Look for the line that has "What is the" in the material below; please repeat it and every line after it, exactly, up to and including the line that has "Location of Controls:FRONT", and nothing else.

- _INPUT RECORDS_
----
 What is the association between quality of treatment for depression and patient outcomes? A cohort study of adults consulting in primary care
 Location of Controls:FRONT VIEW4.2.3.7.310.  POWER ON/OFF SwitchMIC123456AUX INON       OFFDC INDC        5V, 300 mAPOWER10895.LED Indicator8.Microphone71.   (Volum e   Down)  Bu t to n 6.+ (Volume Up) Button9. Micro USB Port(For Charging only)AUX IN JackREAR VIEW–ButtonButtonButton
----
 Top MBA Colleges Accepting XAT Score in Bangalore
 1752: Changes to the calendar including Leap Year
----
- _EXERCISE ANSWER_
 What is the association between quality of treatment for depression and patient outcomes? A cohort study of adults consulting in primary care
 Location of Controls:FRONT VIEW4.2.3.7.310.  POWER ON/OFF SwitchMIC123456AUX INON       OFFDC INDC        5V, 300 mAPOWER10895.LED Indicator8.Microphone71.   (Volum e   Down)  Bu t to n 6.+ (Volume Up) Button9. Micro USB Port(For Charging only)AUX IN JackREAR VIEW–ButtonButtonButton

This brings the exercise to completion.